_WORK REQUEST_
Set down exactly, from the records below, the line with "Crabouge tableau abstrait" through the line with "Evanelle Vineyards Wedding", and nothing else.

_RECORDS SUPPLIED_

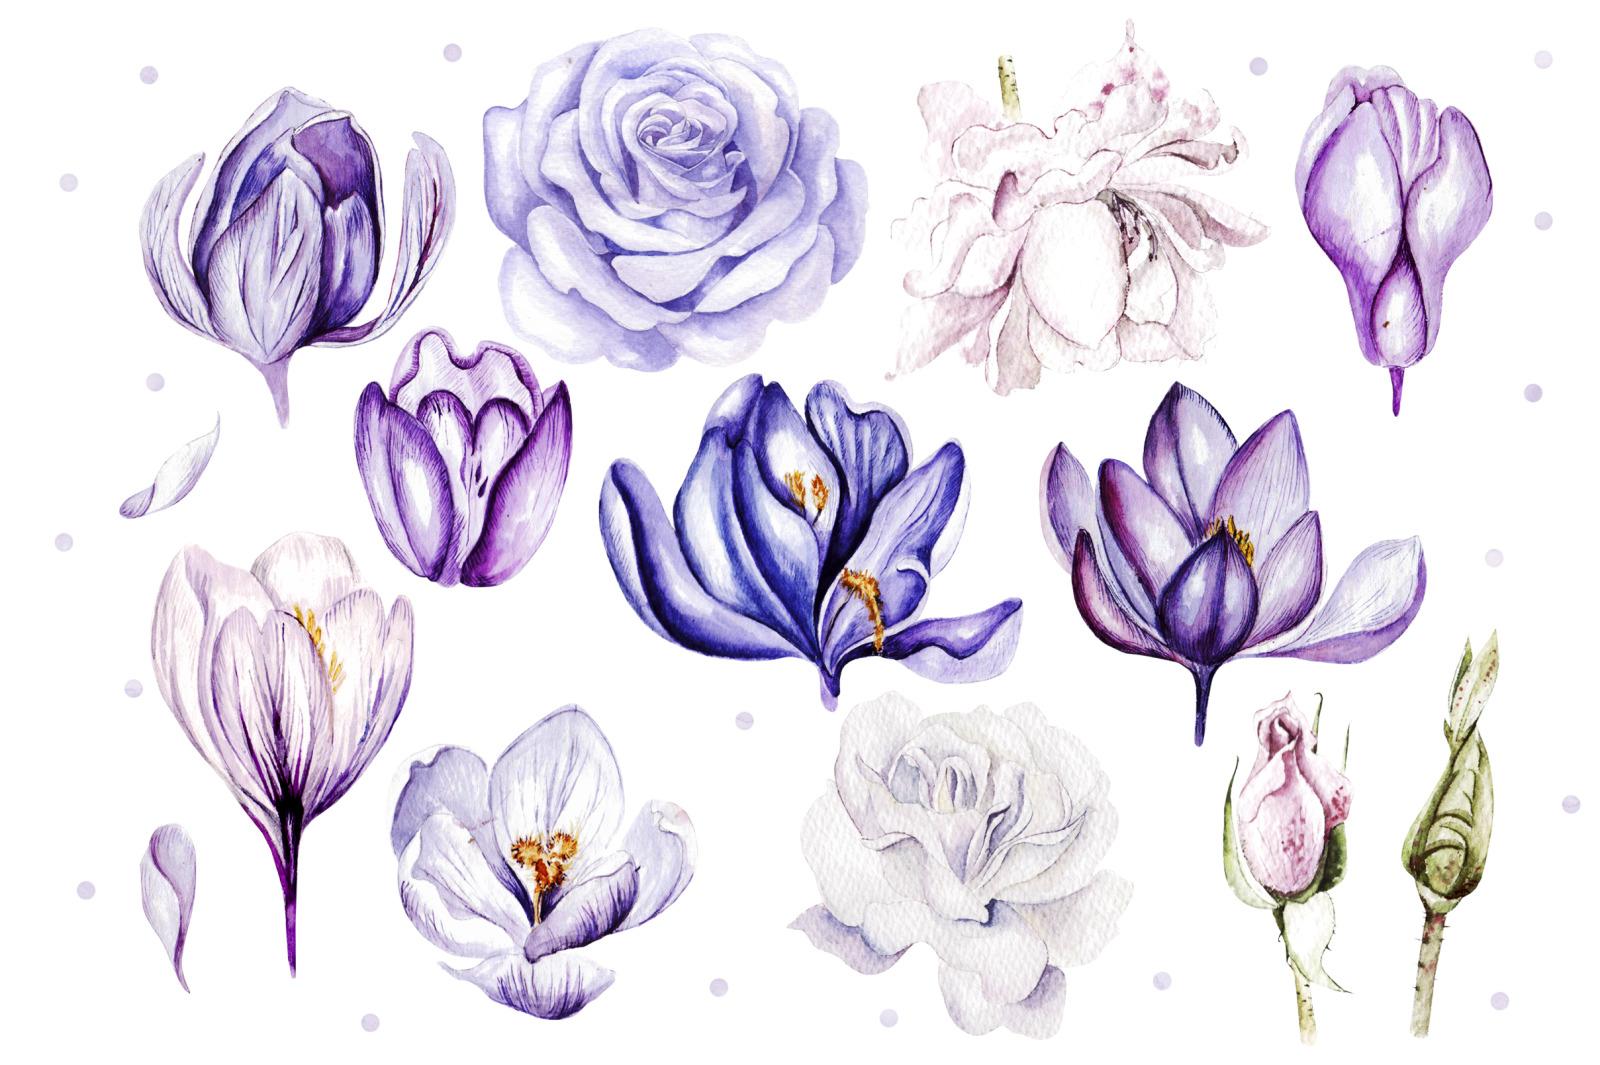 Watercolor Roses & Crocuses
--
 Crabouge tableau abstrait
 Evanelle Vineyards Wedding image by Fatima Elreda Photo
---
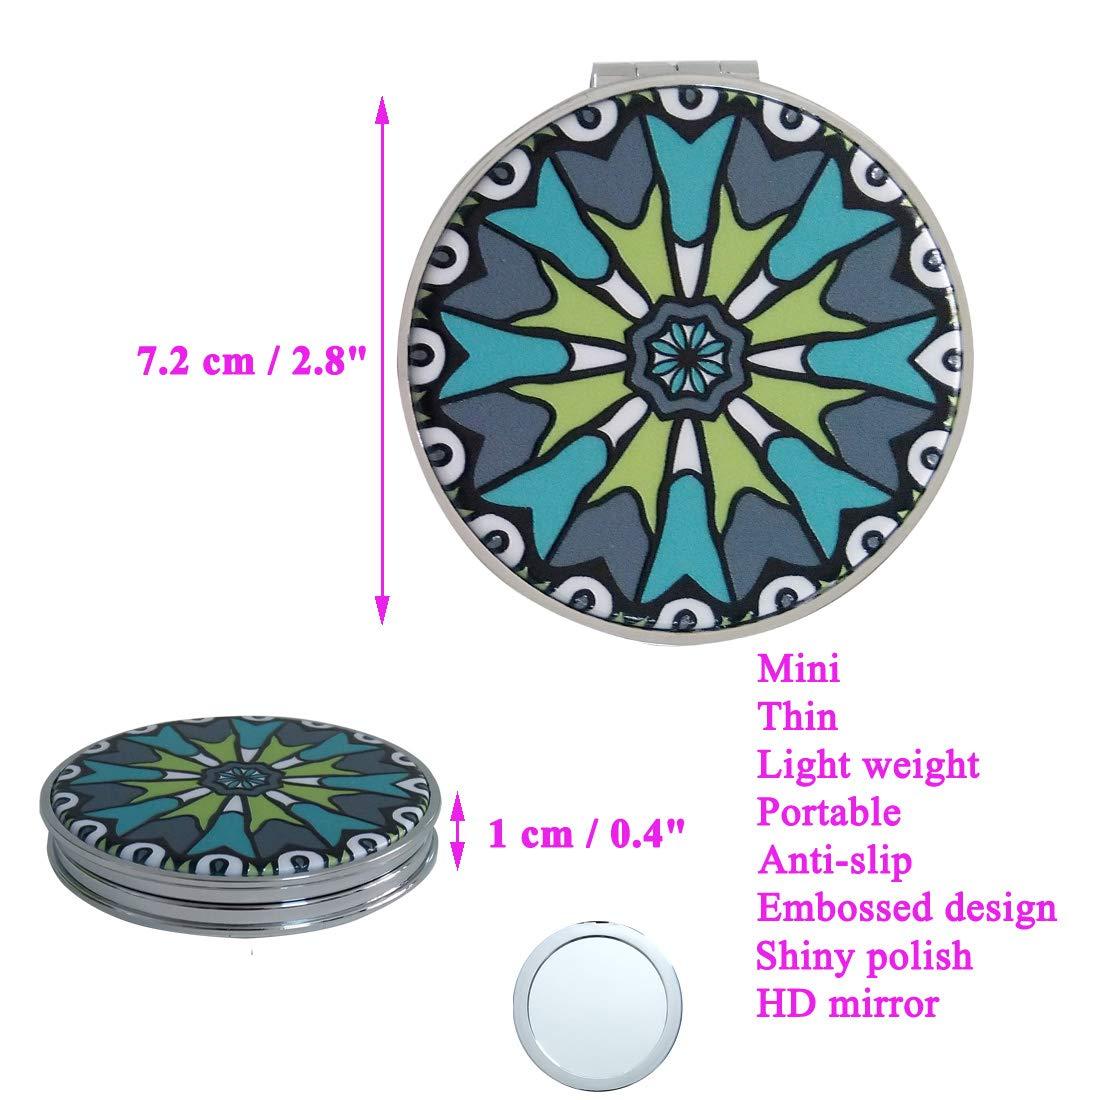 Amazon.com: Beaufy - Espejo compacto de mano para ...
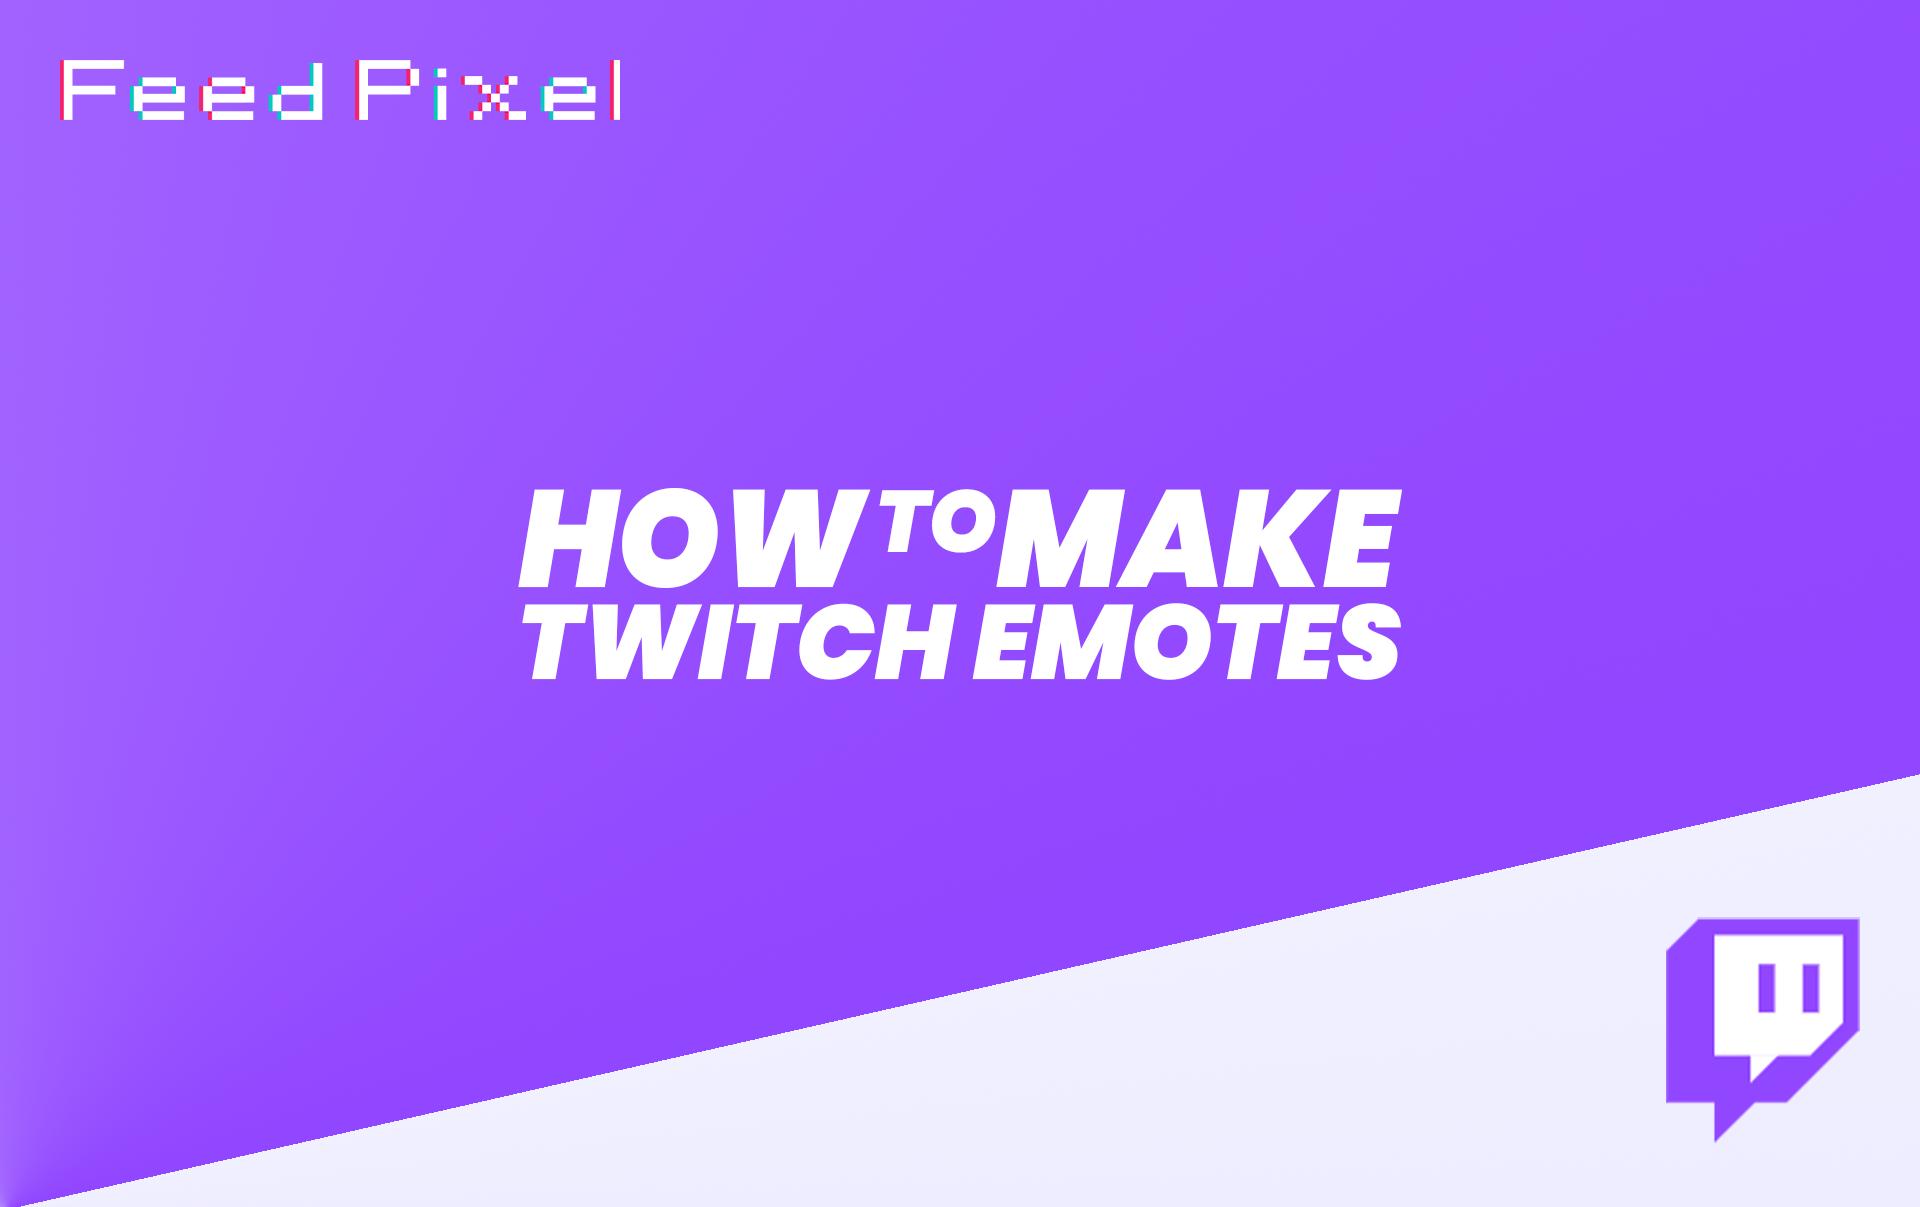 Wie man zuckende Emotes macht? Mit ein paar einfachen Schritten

_PROBLEM SOLUTION_
 Crabouge tableau abstrait
 Evanelle Vineyards Wedding image by Fatima Elreda Photo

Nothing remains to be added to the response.